Rana Daggubati: "Telugu Audience Pushed Filmmakers to Make Bigger, Better Cinema" — From Baahubali to Kalki 2898 AD, How One Industry Rewrote India's Box Office Rules
Digital Desk
Rana Daggubati credits Telugu audiences for demanding bigger, bolder cinema. From Baahubali to Kalki 2898 AD, he explains why Tollywood now leads India's box office revolution.
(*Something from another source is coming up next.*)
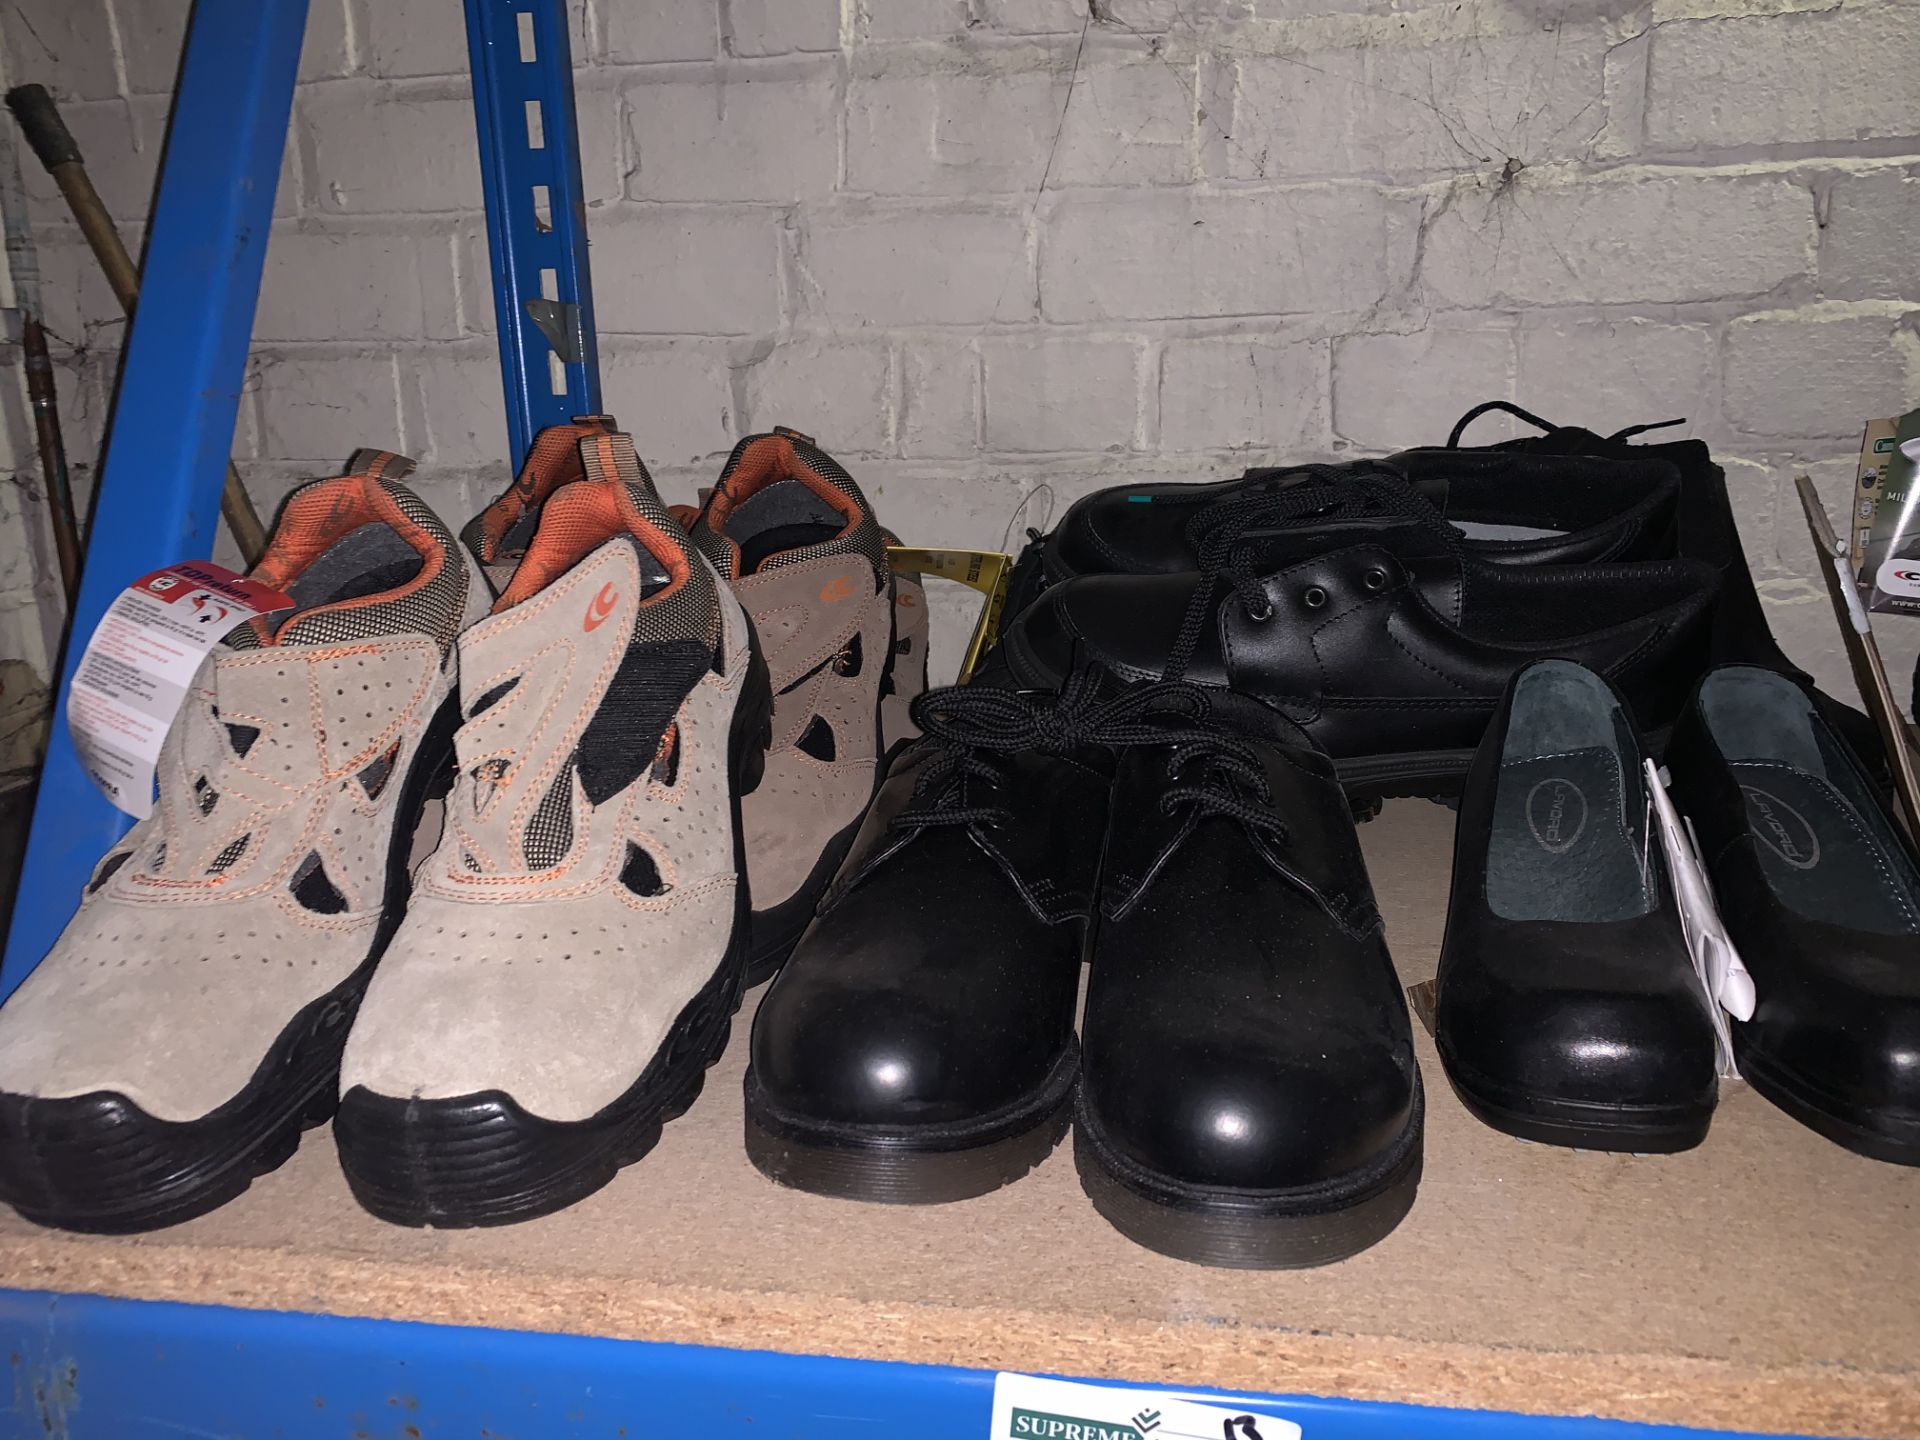 8 x PAIRS OF VARIOUS WORK SHOES/BOOTS TO INCLUDE COFRA, STERLING STEEL ETC IN VARIOUS ISZES

The Man Who Helped Build the Empire Now Explains Why It Works
When Rana Daggubati stepped into the skin of the menacing Bhallaladeva for Baahubali in 2015, he became part of something no one in Indian cinema had quite seen before — a Telugu film that did not just perform at the box office but fundamentally changed what Indian cinema believed was possible. A decade later, as Tollywood continues its extraordinary run with films like Kalki 2898 AD and Pushpa 2, Daggubati has offered the clearest explanation yet for why it happened — and where the credit truly belongs.
It belongs, he says, to the audience.
"Telugu Audience Demanded Bigger, Better Cinema"
In a recent interview with Hindustan Times, Rana Daggubati reflected on the explosive growth of the Telugu film industry, pointing to its global success with films like Baahubali, the Pushpa series, and RRR. He argued that Telugu cinema is outperforming other industries because of the larger variety of content being produced — and because of the unique economic relationship between Telugu films and their audience. ANI News
"Telugu is doing better than other industries because of the larger variety of stuff that is being produced," Daggubati said. He also pointed to a crucial structural advantage: "The cost of going to the cinema in Andhra Pradesh and Telangana is still not as expensive as Mumbai and Delhi." ANI News
That affordability, he argues, keeps the Telugu theatrical audience large, loyal, and demanding. When audiences show up consistently and in volume, filmmakers are both financially enabled and creatively pressured to deliver more. The result is an upward spiral of ambition — bigger budgets, bolder stories, better production values — that has now made Telugu the engine of Indian cinema's global ambitions.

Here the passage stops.